-- Provided data follows --

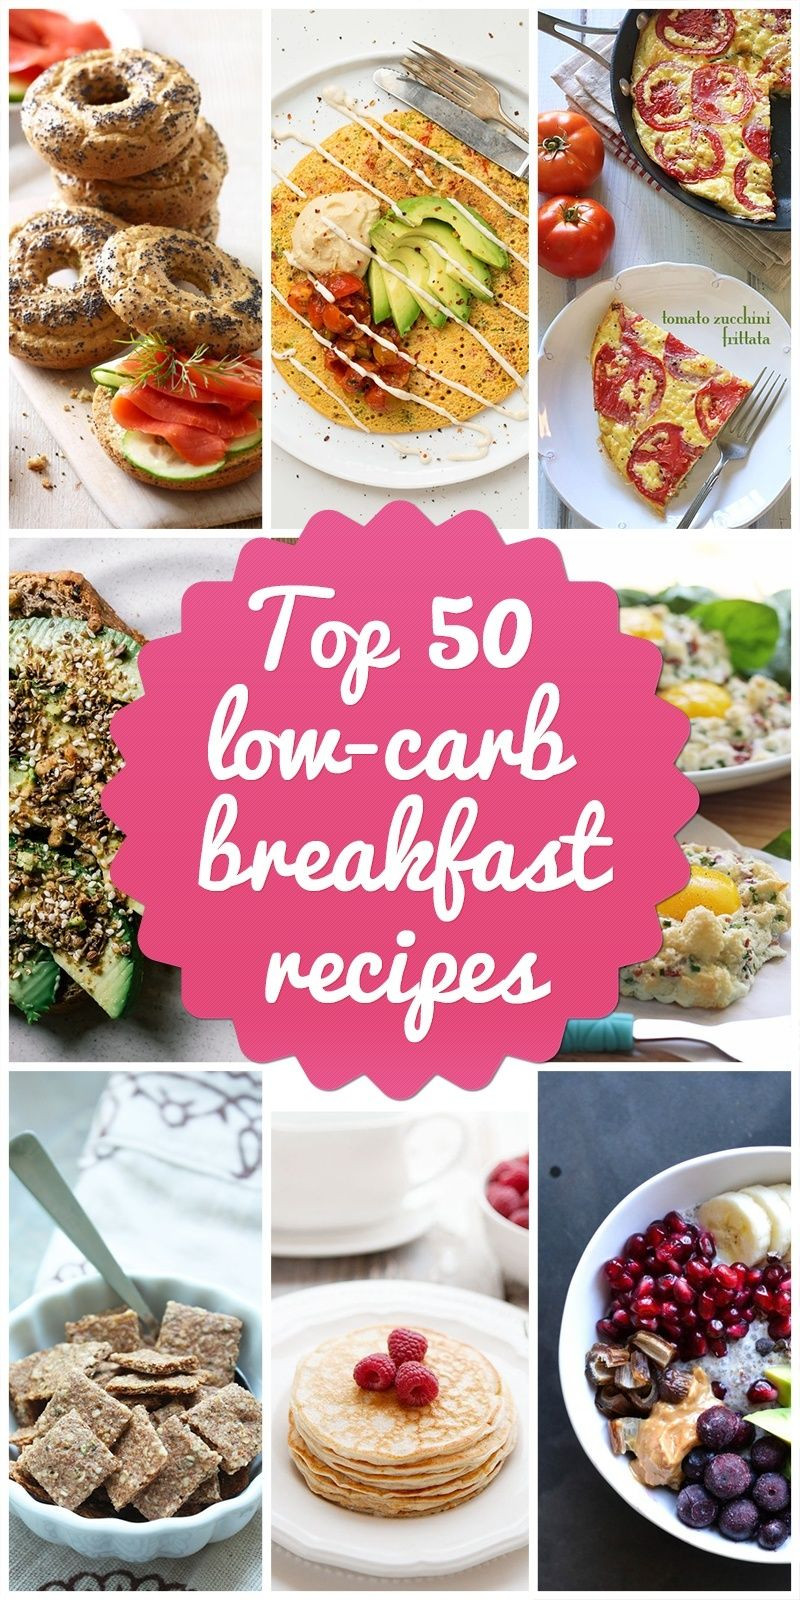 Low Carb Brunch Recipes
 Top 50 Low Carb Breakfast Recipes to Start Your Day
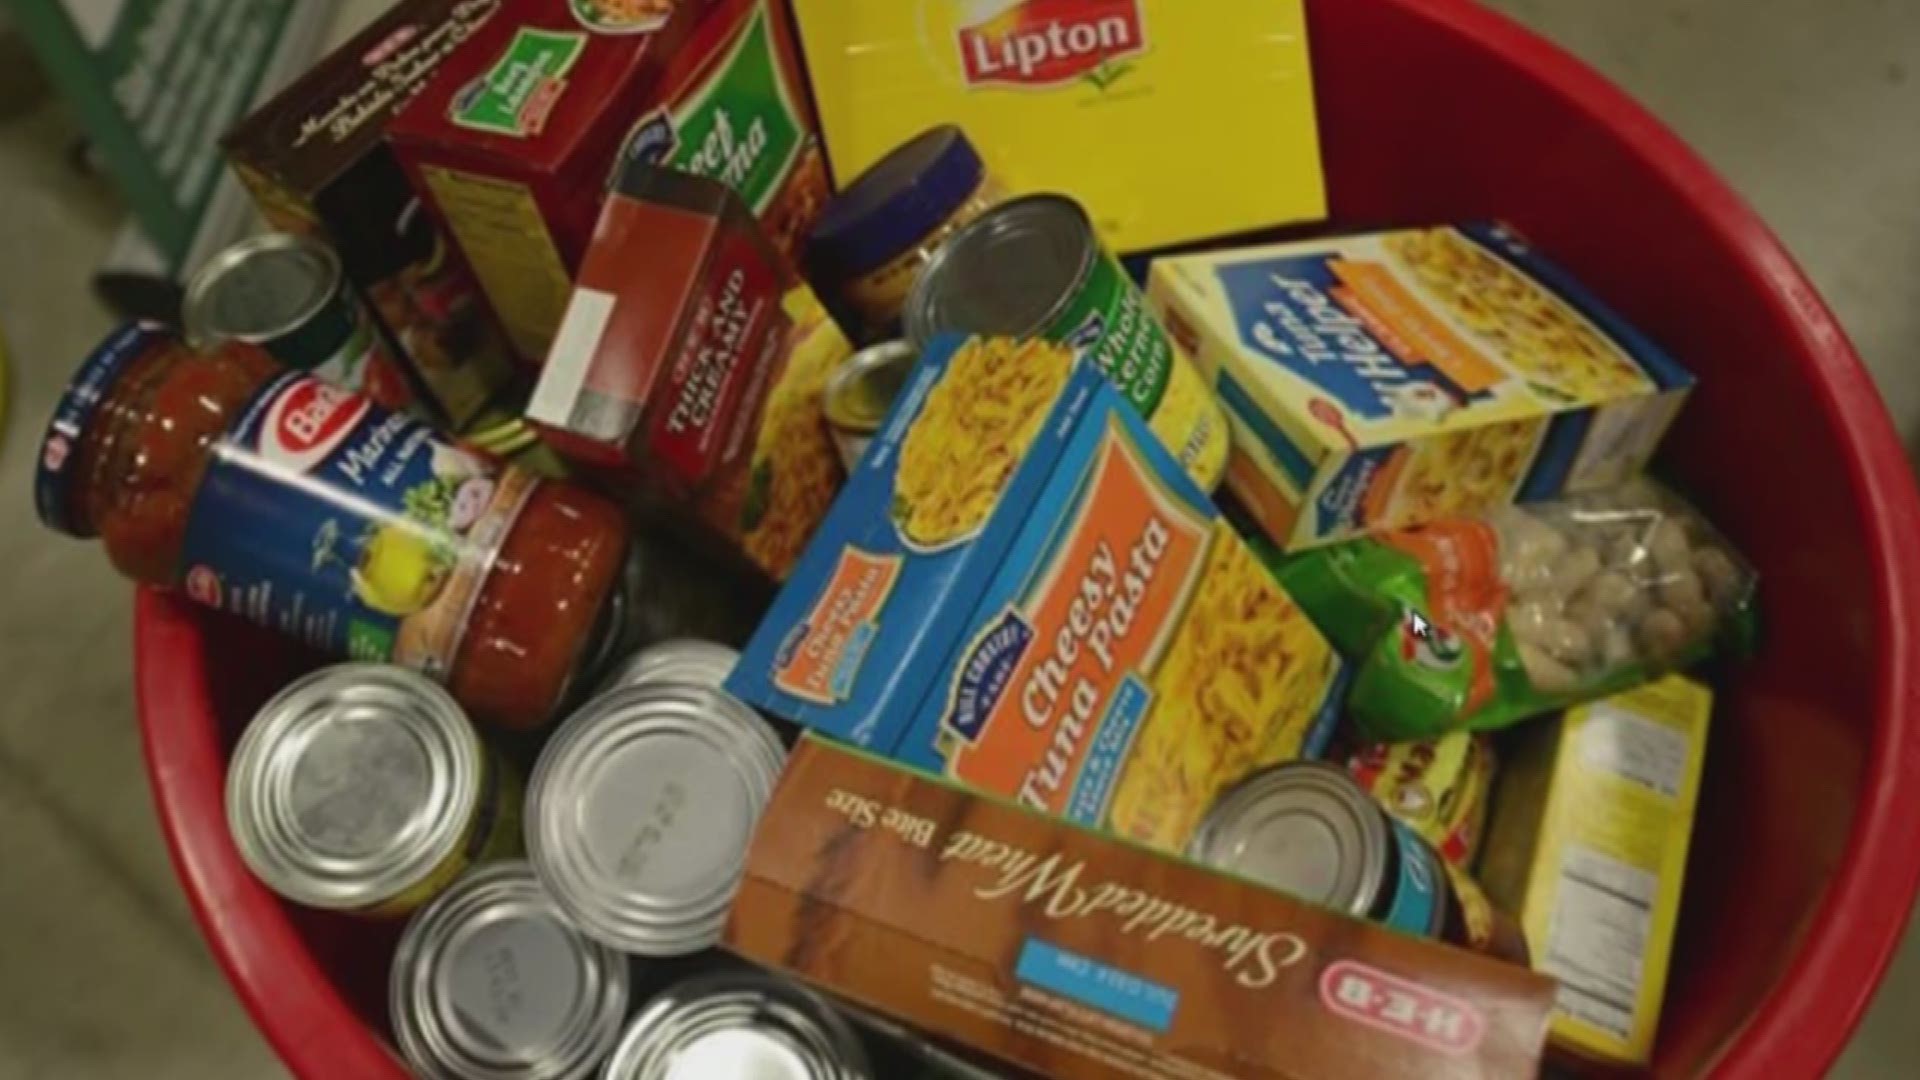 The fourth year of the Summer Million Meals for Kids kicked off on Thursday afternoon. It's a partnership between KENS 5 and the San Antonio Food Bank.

-- Provided data concluded --

## What you need to do
Every line of the data is to be transcribed exactly, and no picture is to be included.

## Result of the task
 Low Carb Brunch Recipes
 Top 50 Low Carb Breakfast Recipes to Start Your Day
 The fourth year of the Summer Million Meals for Kids kicked off on Thursday afternoon. It's a partnership between KENS 5 and the San Antonio Food Bank.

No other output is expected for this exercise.